→ **How to complete this task**
Everything in the listing below should be repeated verbatim, apart from the pictures.

→ **Input data**

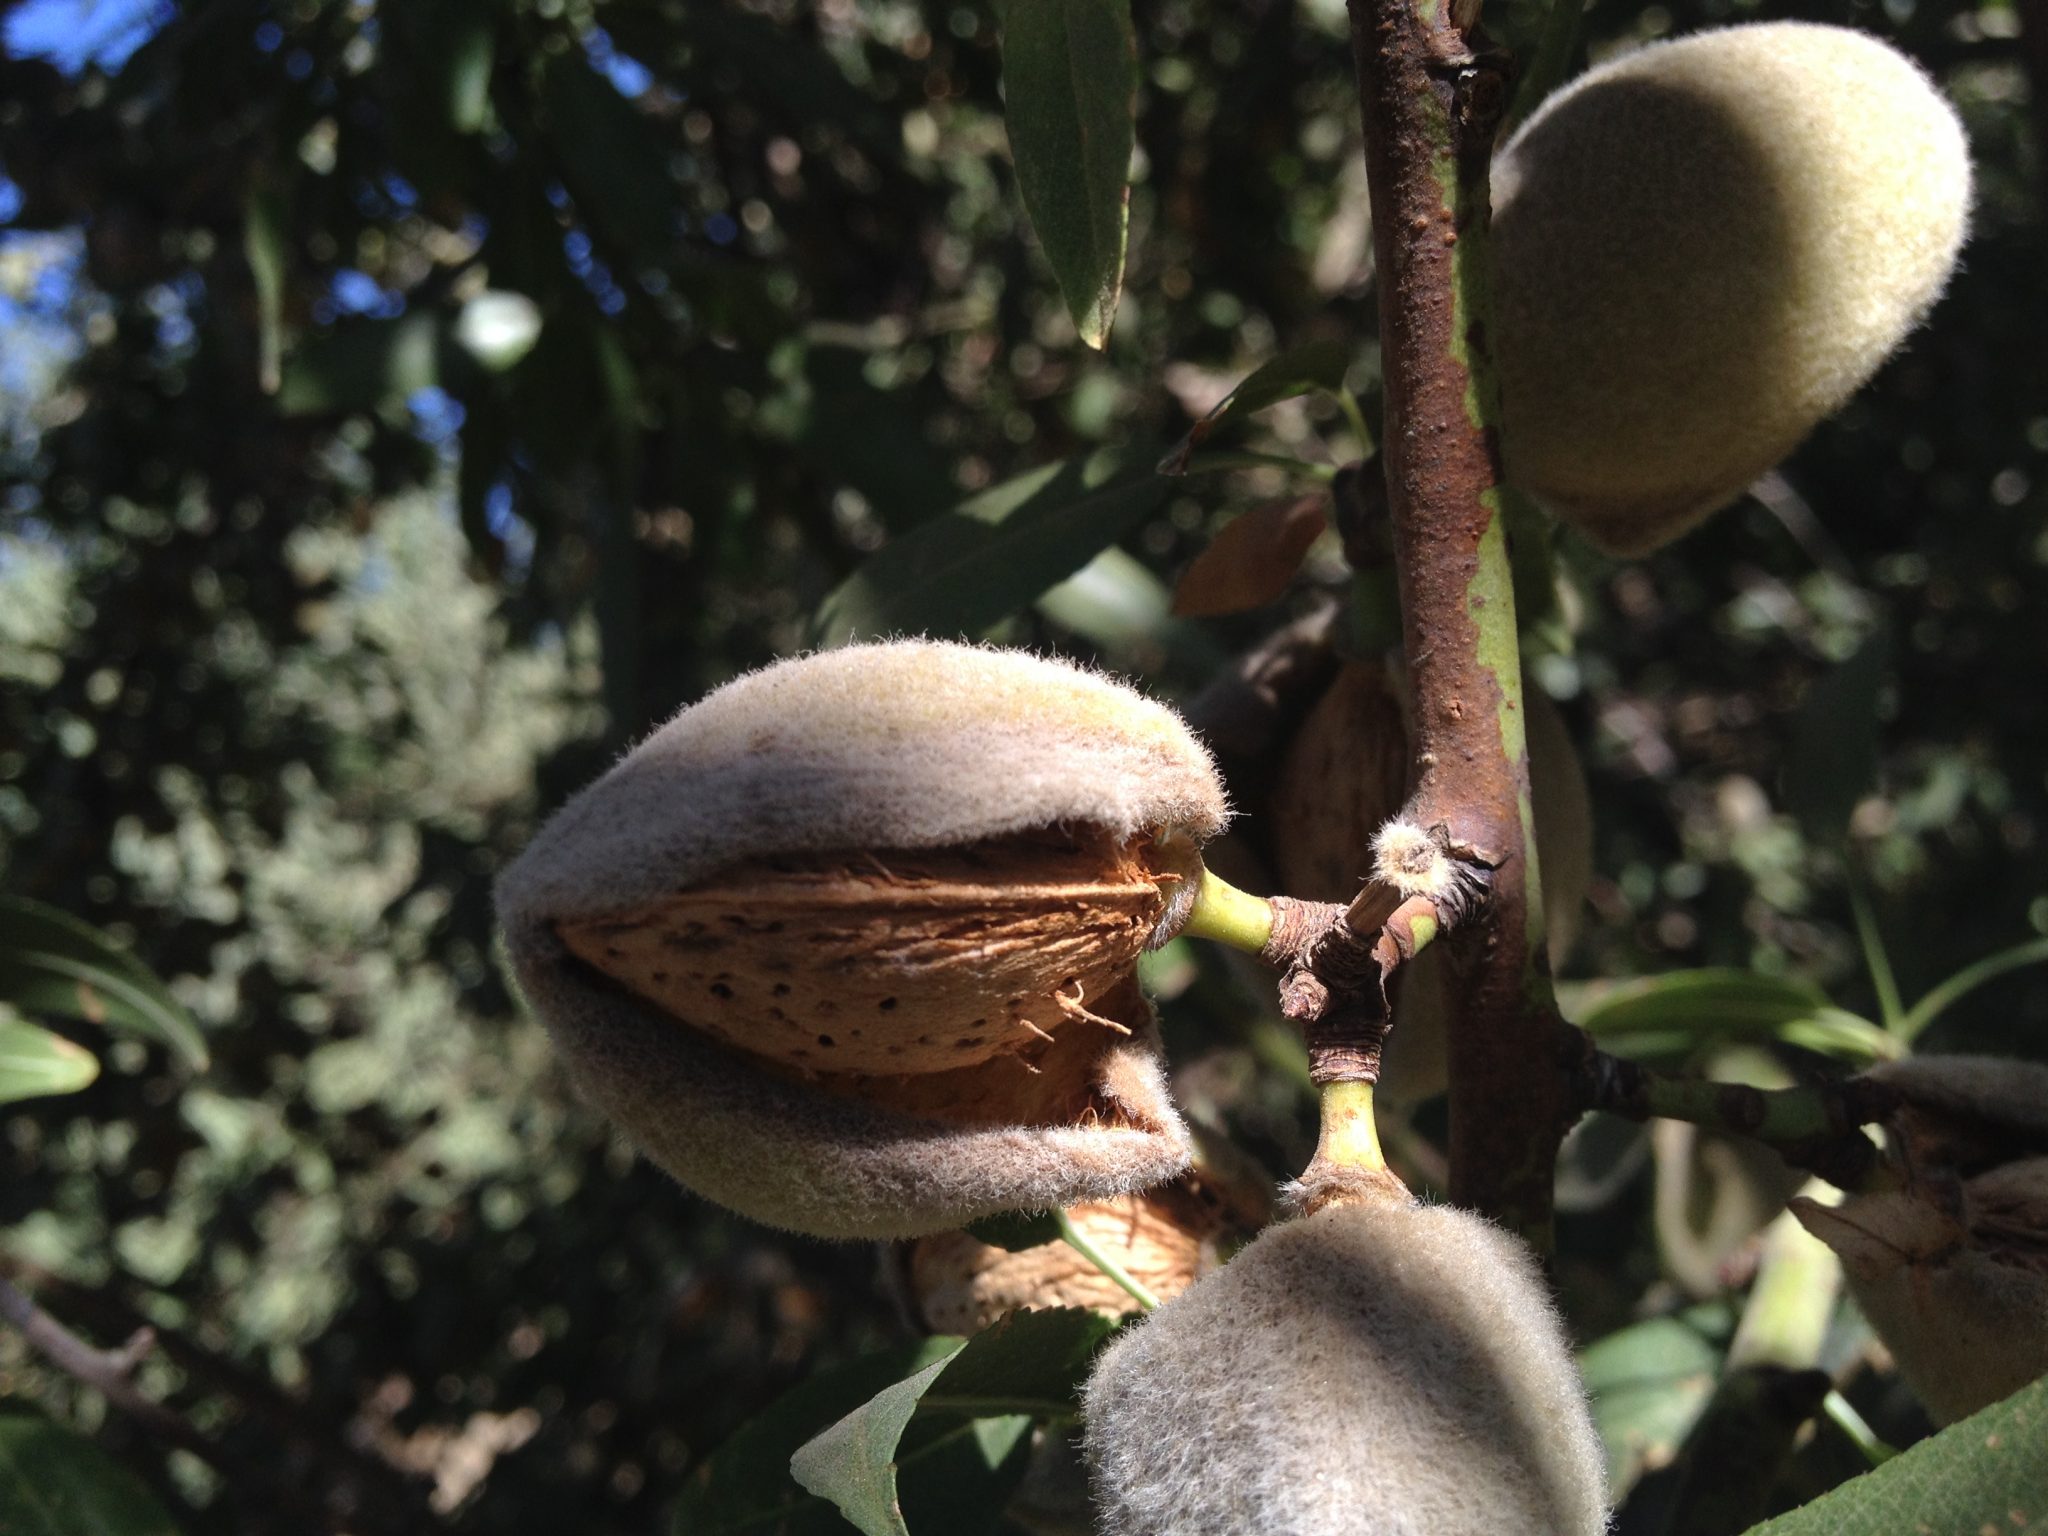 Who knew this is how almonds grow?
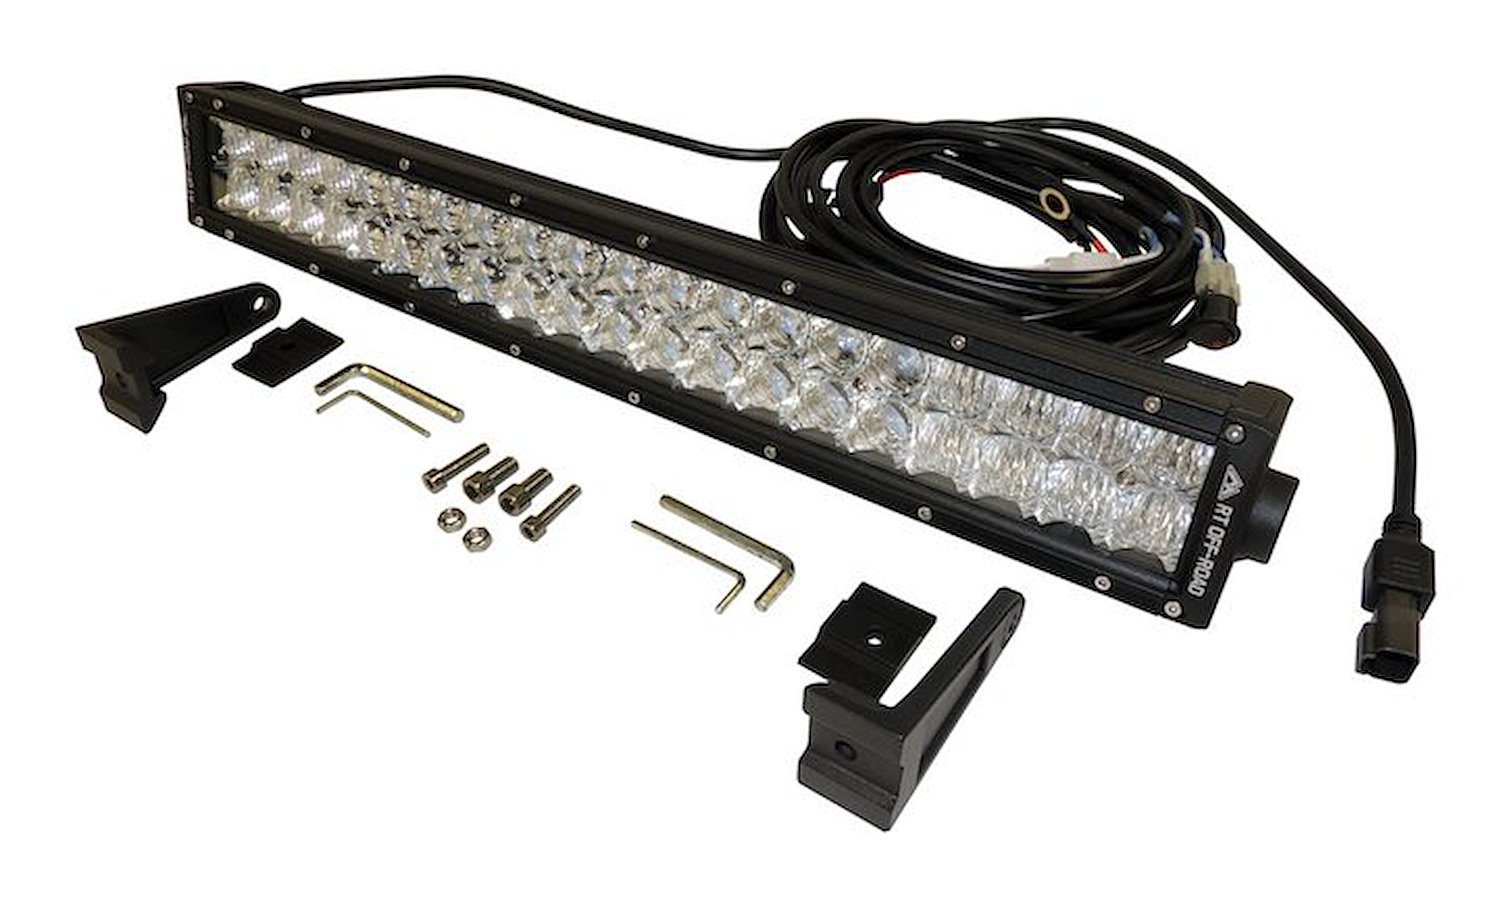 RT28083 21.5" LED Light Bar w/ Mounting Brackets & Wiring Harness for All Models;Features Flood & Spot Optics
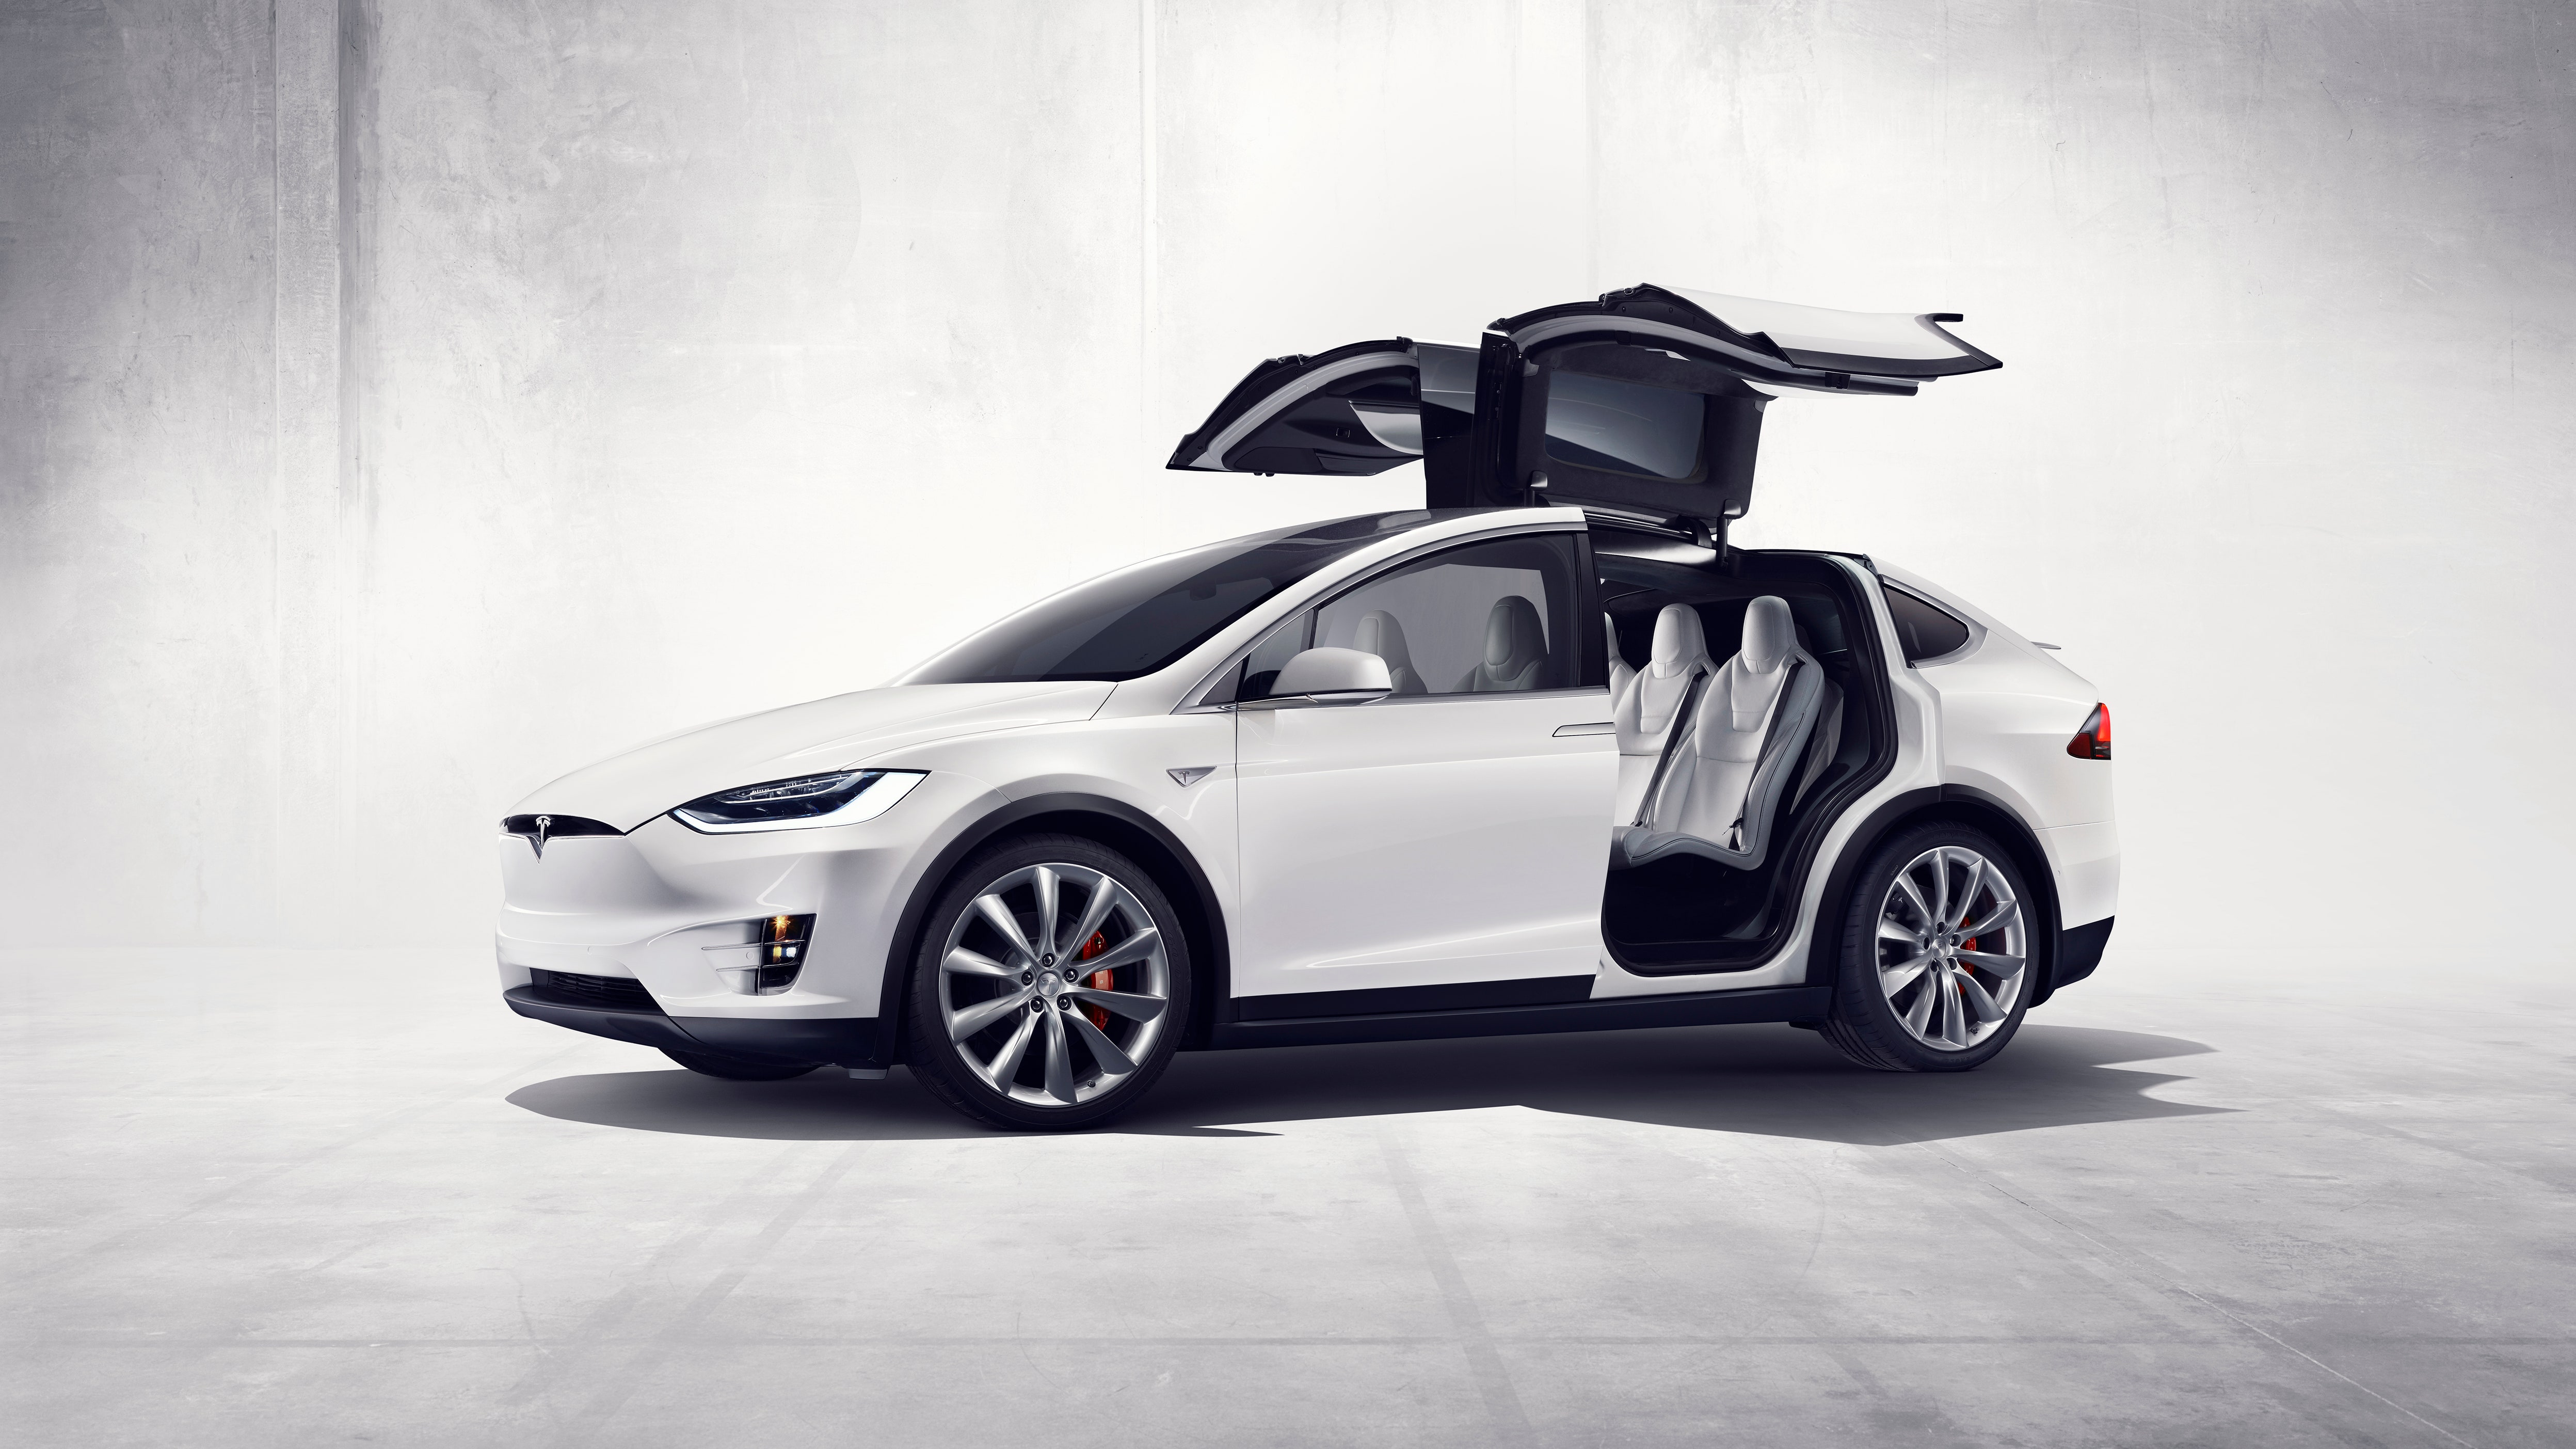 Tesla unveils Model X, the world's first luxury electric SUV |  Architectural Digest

→ **Task answer**
 Who knew this is how almonds grow?
 RT28083 21.5" LED Light Bar w/ Mounting Brackets & Wiring Harness for All Models;Features Flood & Spot Optics
 Tesla unveils Model X, the world's first luxury electric SUV |  Architectural Digest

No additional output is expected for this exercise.